TEMPO.CO, Jakarta - Dewan Pers meminta Komisi Penyiaran Indonesia untuk melakukan eksekusi terhadap pengusaha media dan partai politik yang terus menerus menggunakan frekuensi publik untuk melakukan kampanye terselubung melalui iklan ataupun berita. Jika ditemukan unsur pidana dalam penayangan materi tersebut, KPI dan KPU wajib merapat untuk bekerjasama dengan Kepolisian.
“KPI kelihatannya gak mau melakukan eksekusi karena belum ada kesepakatan yang jelas soal aturan dengan KPU,” kata anggota Dewan Pers Stanley Adhi Prasetya, Senin, 10 Mei 2013. KPI juga dinilai menjadi pihak yang paling mengetahui soal belanja iklan parpol melalui kader-kadernya yang juga pemilik media.

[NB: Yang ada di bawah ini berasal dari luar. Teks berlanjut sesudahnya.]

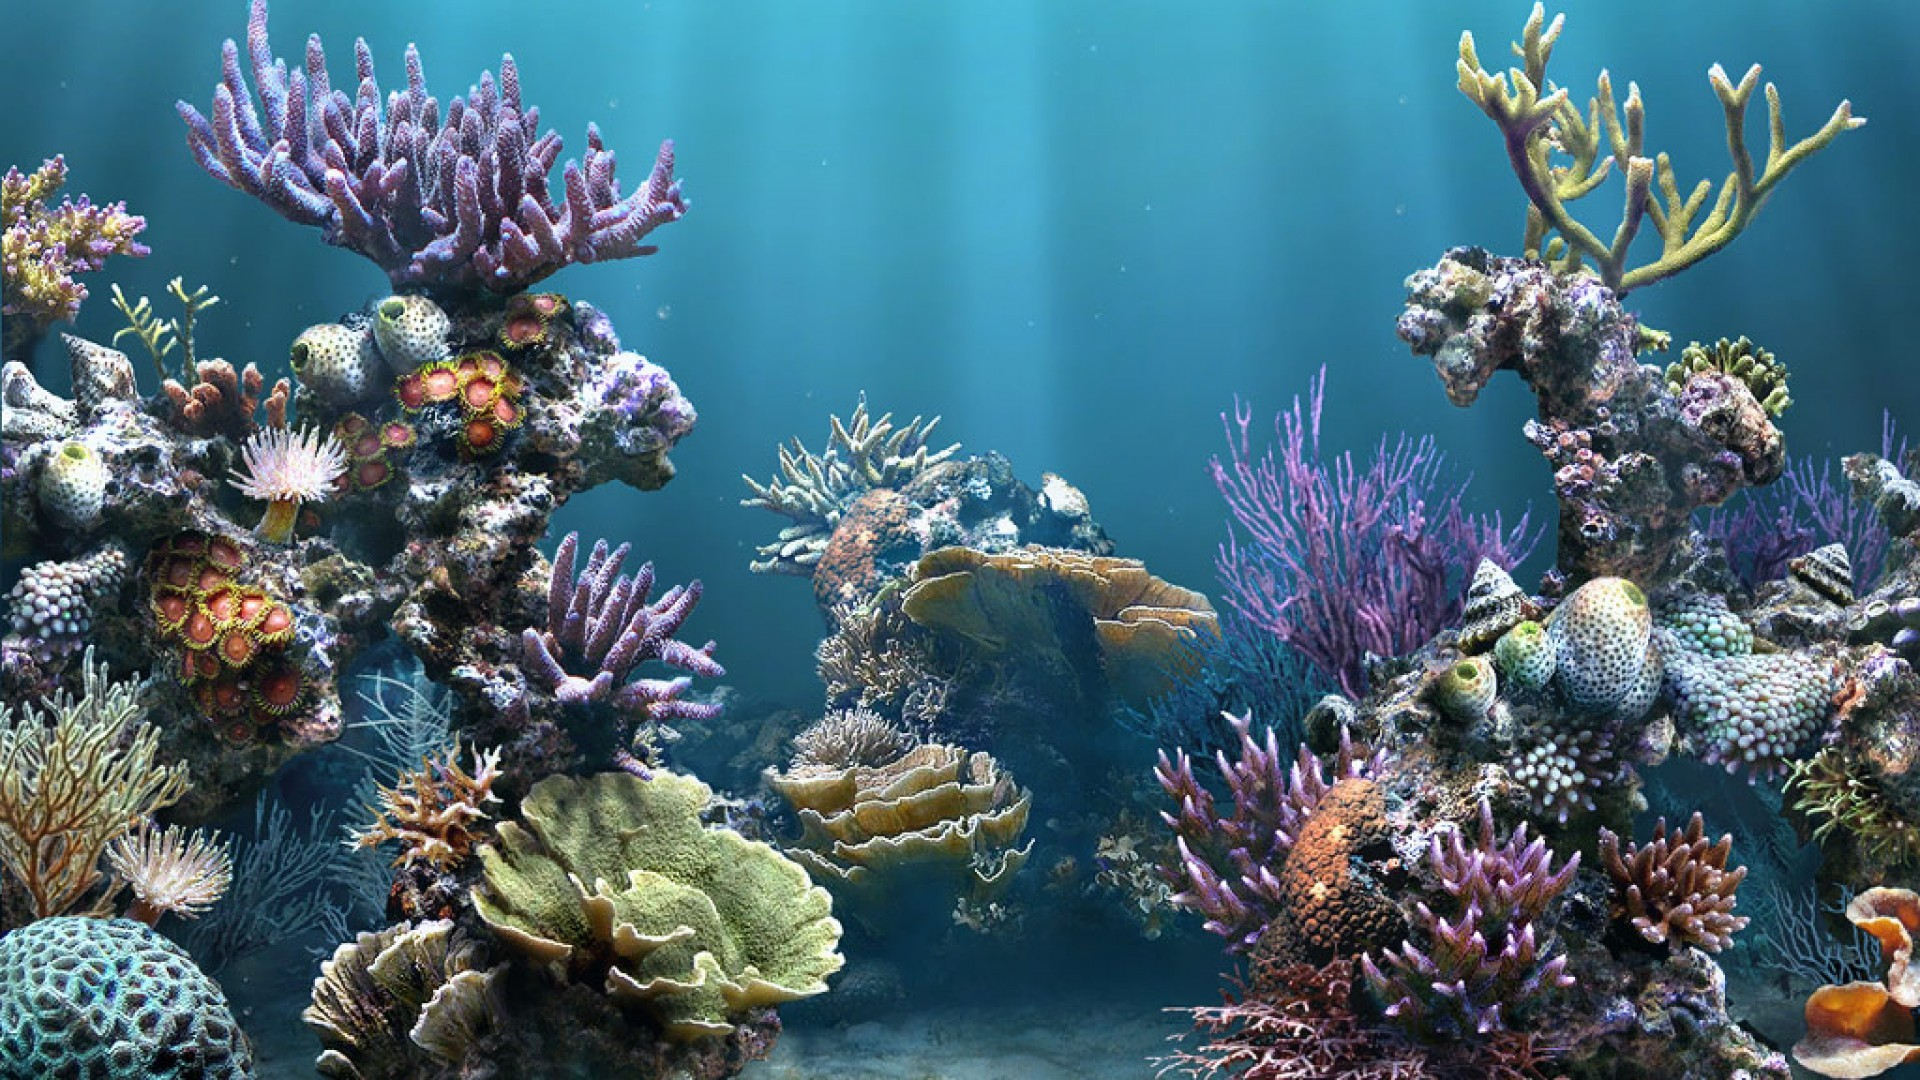 Aquarium Backgrounds Pictures Wallpaper 1920×1080 Aquarium Wallpaper (24  Wallpapers) | Adorable Wallpapers

Menurut Stanley, dengan menggunakan frekuensi publik untuk kepentingan politik golongan, partai dan pemilik media sudah melanggar Pasal 65 UU Penyiaran ayat 1f soal pelanggaran pedoman penyaiaran, dan pasal 71 ayat 2, tentang larangan peemuatan iklan terselubung. Sedangkan, Stanley juga menilai ada pelanggaran pedoman penyiaran Bab 29 pasal 50 ayat 2, dimana lembaga penyiaran tidak boleh bersikap partisan.
“Jelas sekali ada penyalahgunaan, untuk kepentingan tertentu,” kata Stanley mengomentari maraknya iklan terselubung dan berita parpol di sejumlah televisi swasta. Pelanggaran itu, kata Stanley, bisa diganjar sanksi administratif dan paling berat berupa pencabutan izin penyiaran.
Sebelumnya, data Komisi Penyiaran Indonesia pada bulan April 2013 sendiri menyebutkan terdapat 31 Iklan Nasdem, dan 18 pemberitaan terkait partai pimpinan Surya Paloh itu di Metro TV yang dimilikinya. Sedangkan di bulan yang sama, terdapat 138 iklan dan 10 pemberitaan terkait Aburizal Bakrie di jaringan Viva Group miliknya.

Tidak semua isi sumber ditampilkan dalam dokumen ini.